D. conta su di noi, ci guarda negli occhi quando parla, sorride molto. E racconta il suo quotidiano vivere. L’altra sera ci ha raccontato che è riuscito a farsi una doccia ma che vorrebbe cambiarsi i pantaloni, che molti passanti quel giorno gli avevano lasciato pezzi di pizza e tanti biscotti, come se si fossero tutti messi d’accordo, che gli dolgono un braccio e una spalla. È dallo sguardo diretto di D., diretto, a turno, negli occhi di ciascuno dei volontari, che si capisce cosa significhi “contare” su di noi. Per noi volontari è una piccola e intensa gioia, che si rinnova ogni volta. 

Avvertiamo, da quegli sguardi di D., come da quelli delle altre persone che incontriamo, che prendersi cura per qualche minuto di queste donne e uomini che vivono per strada significa soprattutto riconoscersi reciprocamente.

Riconoscersi come esseri umani in una comunità civile.

È un piccolo sforzo emotivo, psicologico e culturale per contrastare l’esclusione sociale, la solitudine forzata, la classificazione che semplifica e colloca le persone ai margini – quelle che troviamo a dormire sotto i porticati o sulle panchine dei parchi della città, che chiedono un aiuto sedute addossate al muro accanto a una vetrina luminosa – le colloca tutte dentro una definizione stereotipata: donne e uomini “senza”. Senza casa, senza lavoro, senza dignità, senza affetti.

Invece no. Gli occhi di D. e gli occhi di molti con i quali i volontari delle notti milanesi entrano in contatto, i piccoli dialoghi, le brevi storie che ci raccontiamo, nel caldo afoso di luglio o nel gelido inverno, queste prove di conversazione sono le forme rappresentative – piccole ma concrete – di affetti, di frammenti di storie differenti, di speranze, di ricordi, anche di paure, di rabbia, di disperazione e rimpianti e sensi di colpa. Di un’umanità nella quale, appunto, per qualche minuto, misteriosamente ci riconosciamo tutti.

Certo le notti dei volontari delle Unità mobili sono anche piene di persone che dormono all’angolo di una strada e che non svegliamo, di uomini devastati dall’alcol che non sollevano nemmeno la testa, di donne così rabbiose che ci scacciano in malo modo, di giovani così preoccupati di come sopravvivere che chiedono, pretendono con arroganza, una coperta e un paio di pantaloni e che quando ormai le ceste sono vuote, se ne vanno borbottando parole avvelenate. Lo sappiamo, sappiamo che non siamo per strada con la pretesa di “salvare il mondo” o di salvare anche solo qualcuno. Sappiamo che vivere da “senza fissa dimora” è un inferno che non è in nostro potere riscattare. Il nostro è un piccolo aiuto a queste persone ma è anche un grande regalo a noi stessi.

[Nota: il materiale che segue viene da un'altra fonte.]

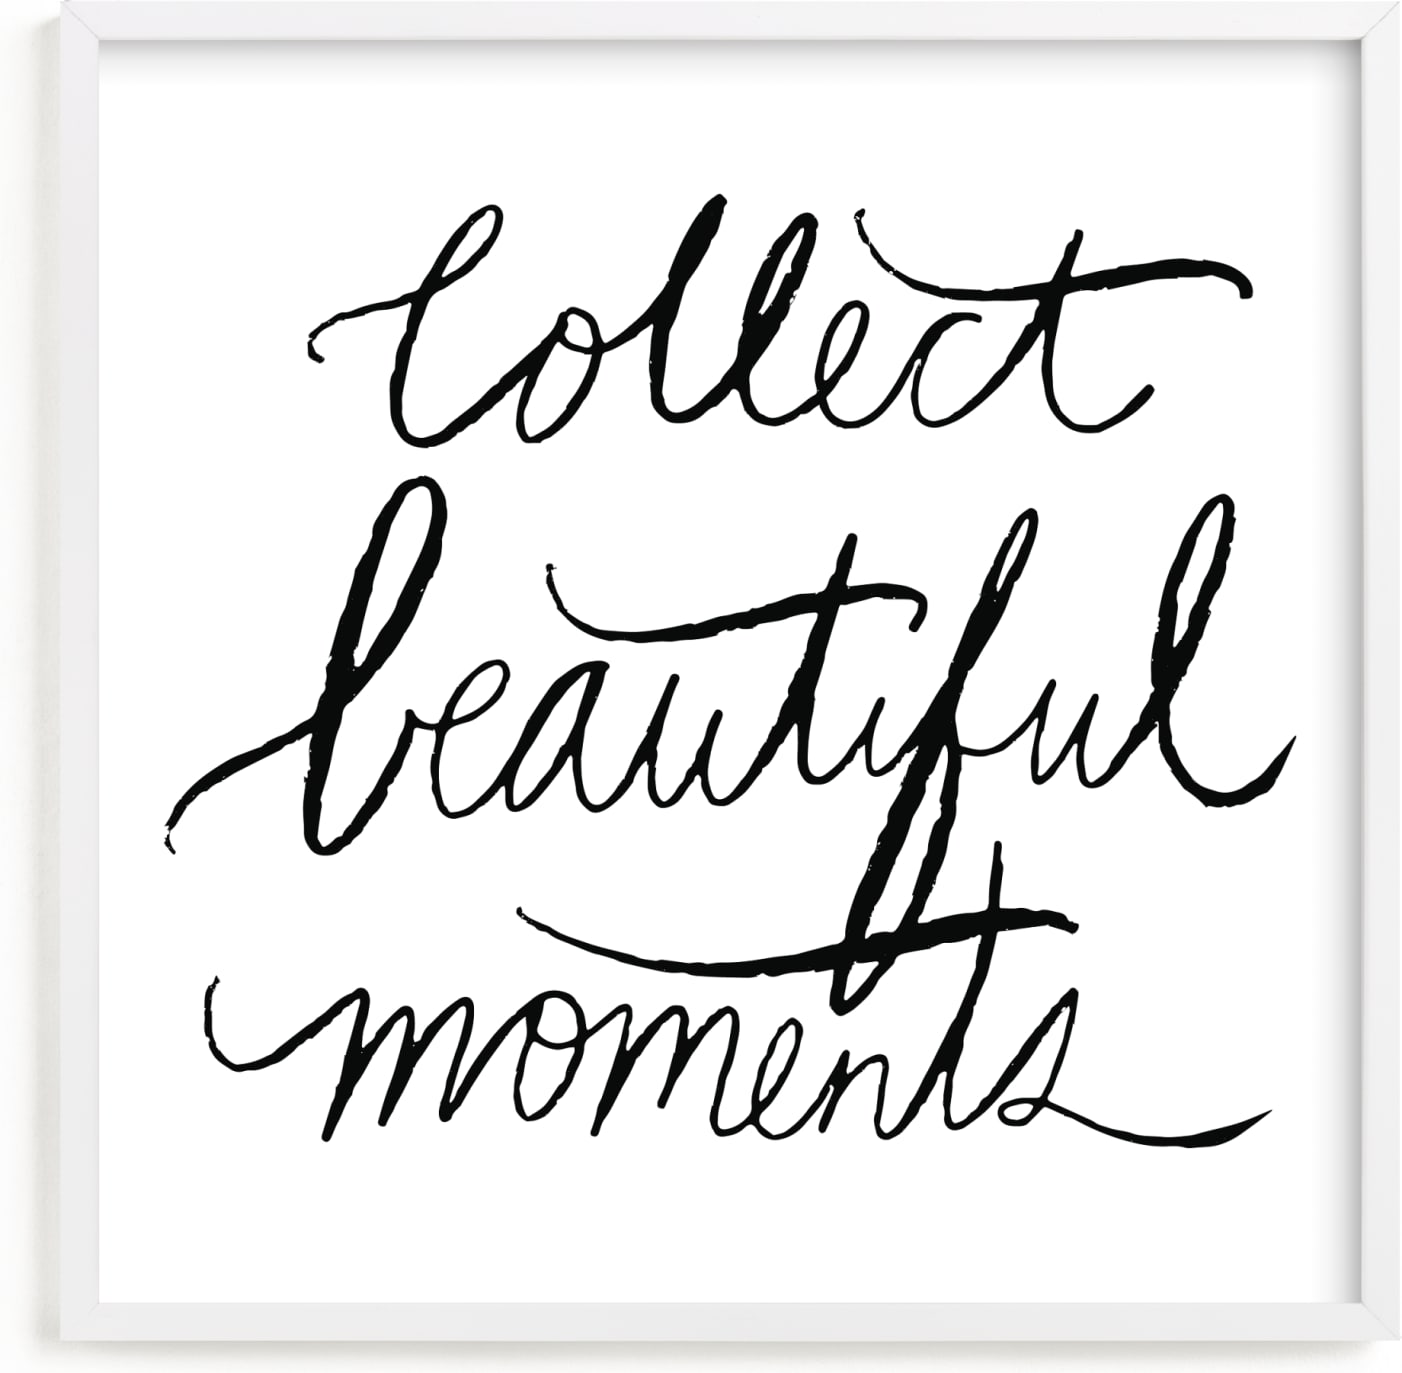 This is a black and white kids wall art by Vivian Yiwing called collect beautiful moments.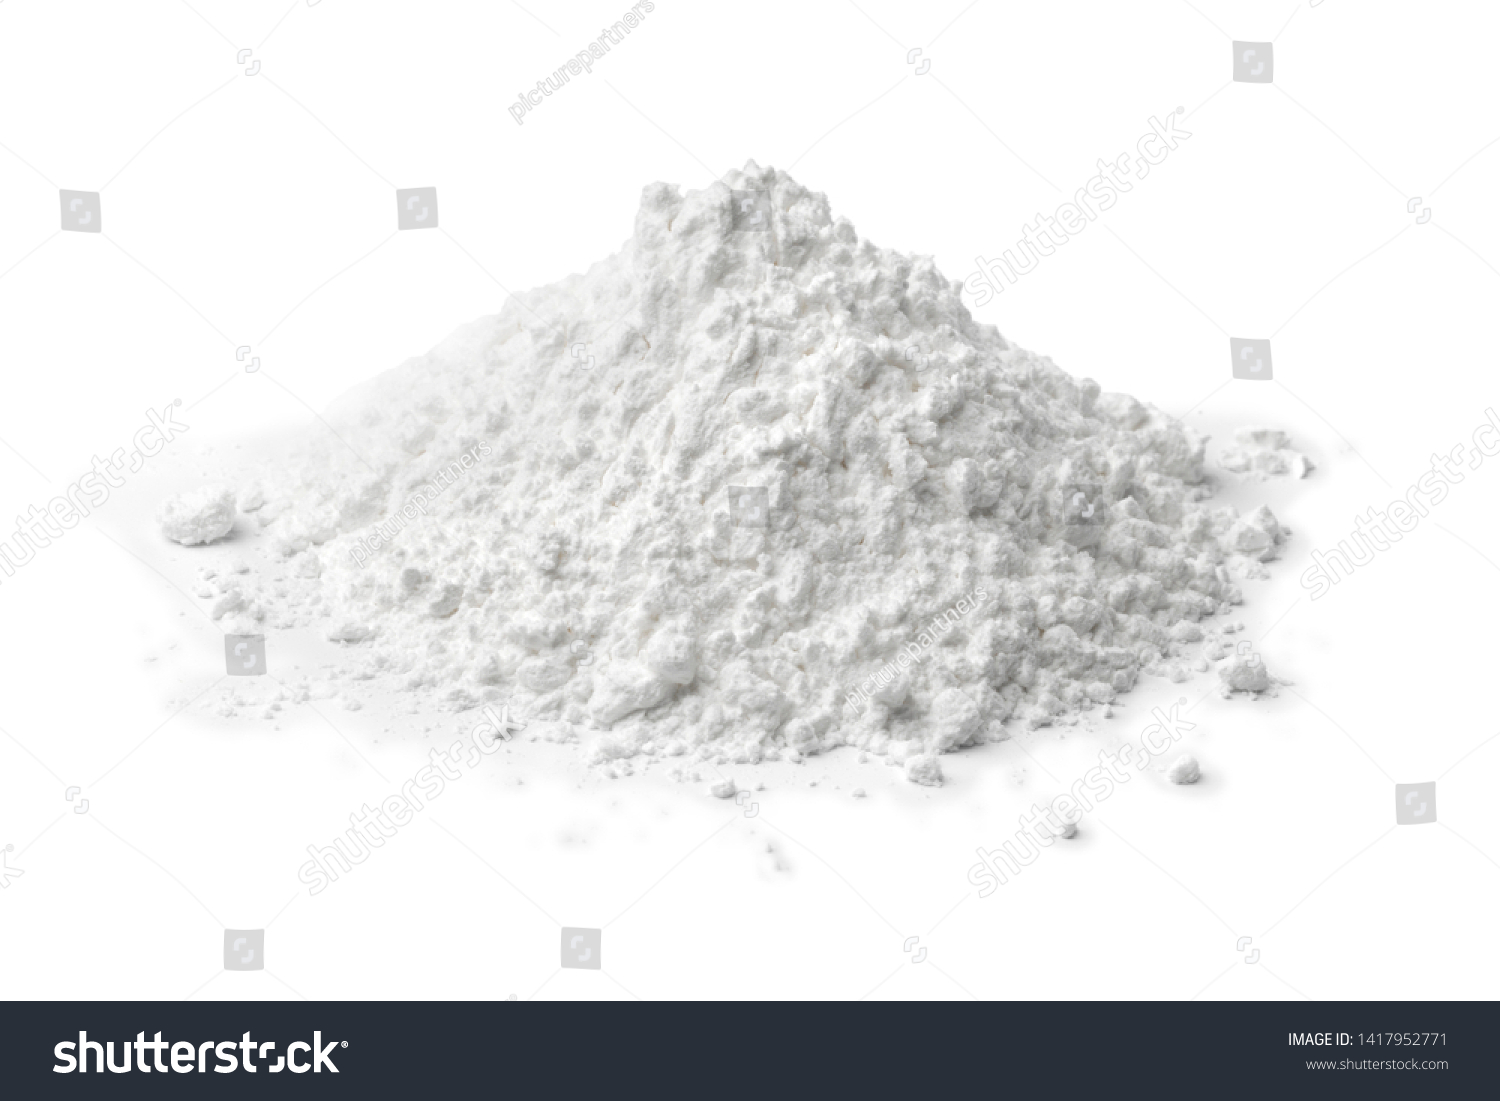 Heap of white corn starch isolated on white background #1417952771

Il riconoscimento, le parole, l’ascolto, incorniciano tutto il resto: il cibo che viene distribuito, il tè caldo, le giacche e le coperte, le indicazioni pratiche su come ottenere assistenza in città. E questo riconoscimento, che, è bene ribadirlo, è sempre riconoscimento reciproco, regala ai volontari, a ciascuno in modo diverso – nella consapevolezza del grande freddo sociale del quale non dimentichiamo mai cause e conseguenze – conoscenze ed emozioni che contribuiscono a dare più senso alla vita.